Finally, if you care about end-to-end latency, don’t let the input rate exceed the pipeline processing capacity, as the lag will rapidly increase pushing out the total delivery latency. Even with sufficient attention to monitoring, it’s tricky to prevent this, as I noticed that restarting the Kafka sink connectors with more tasks actually results in a drop in throughput for 10s of seconds (due to consumer group rebalancing), momentarily increasing the lag.
Moreover, event based systems typically have open (vs. closed) workloads and don’t receive input events at a strictly constant/average rate, so the arrival distribution is often Poisson (or worse). This means you can get a lot more than the average number of arrivals in any time period, so you need more processing capacity (headroom) than the average rate to prevent backlogs.
We, therefore, recommend that you benchmark and monitor your Kafka connect applications to determine adequate cluster sizes (number of nodes, node types, etc.) and configuration (number of Kafka connector tasks, topic partitions, Elasticsearch shards, and replicas, etc.) for your particular use case, workload arrival rates and distributions, and SLAs.
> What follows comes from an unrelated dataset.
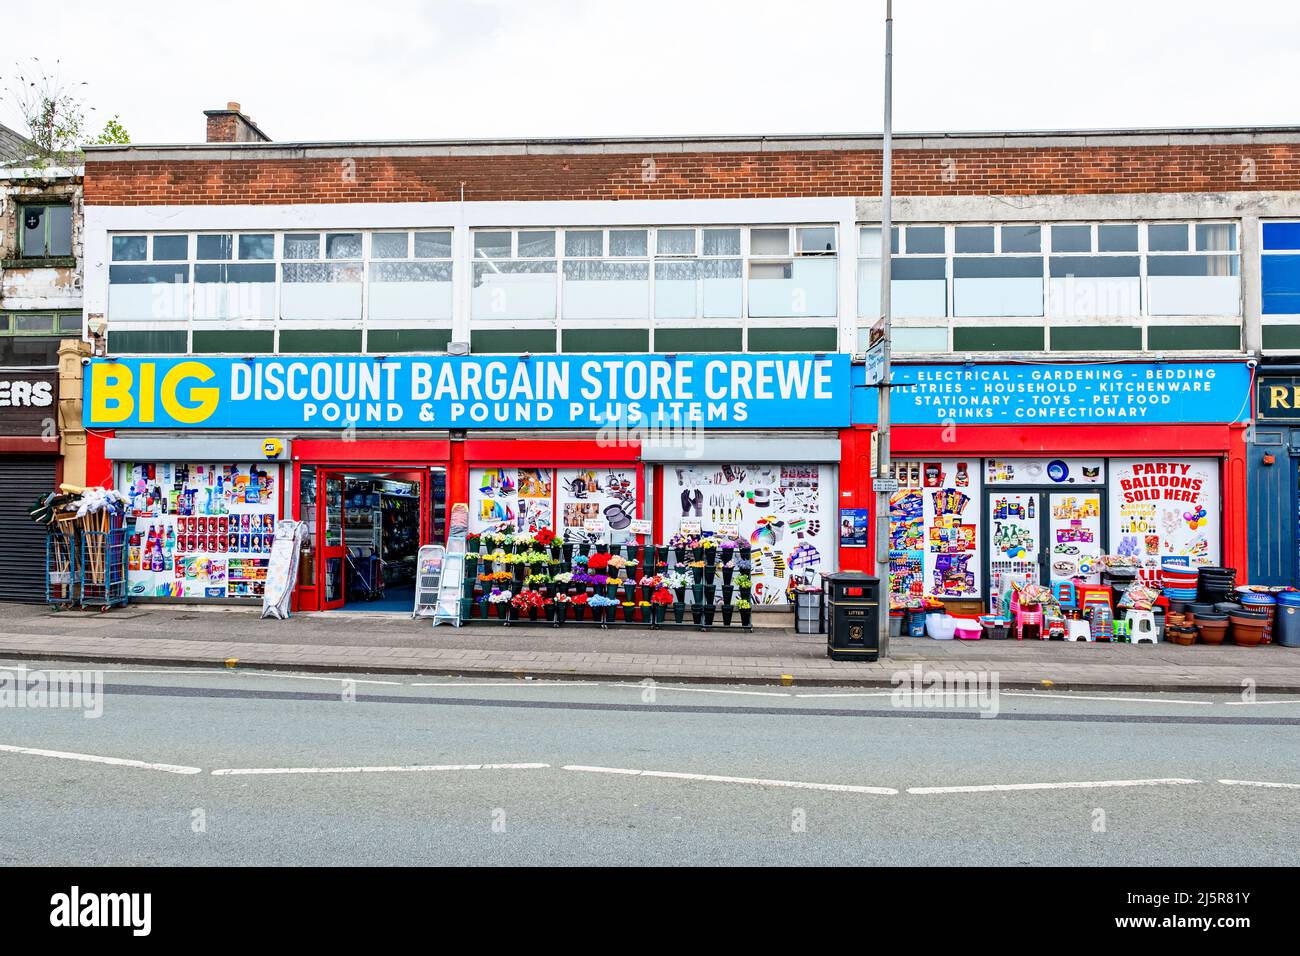 Big discount bargain store in Crewe Cheshire UK Stock Photo

?Thereby achieving “Humphrey” scaling! (“What do you call a Camel with no humps?”…)
2001 "Space Odyssey" Cassandra and Spark ML blog series (August - November 2017) - ML over streaming data to predict future performance problems
This was my first blog series, a 10-episode 2001 “Space Odyssey” themed introduction to Cassandra, Spark, and MLLib (Parts 1, 2, 3, 4, 5, 6, 7, 8, 9, 10). I used the 2001 theme as I was learning Cassandra and Spark from scratch during the series, which was like trying to understand the impenetrable Monoliths in the movie, with eventual enlightenment. The goal in the series was to apply Machine Learning (using Spark MLLib) to enormous amounts of machine data (100s of hours of monitoring and 1000s of metrics) from our managed Cassandra clusters, to predict future performance issues (e.g. long JVM garbage collections, or if the SLA is likely to be violated in the next hour). Some of the sub-topics included how to model time-series data in Cassandra (buckets are your friend), regression analysis, getting and using features, training and testing different types of decision tree models, building pipelines, data cleaning, exploring data with Apache Zeppelin, and using Spark MLLib, Dataframes and streaming data. This was therefore a somewhat self-referential example of open source performance engineering - using Apache Cassandra and Apache Spark to solve performance problems for Apache Cassandra clusters!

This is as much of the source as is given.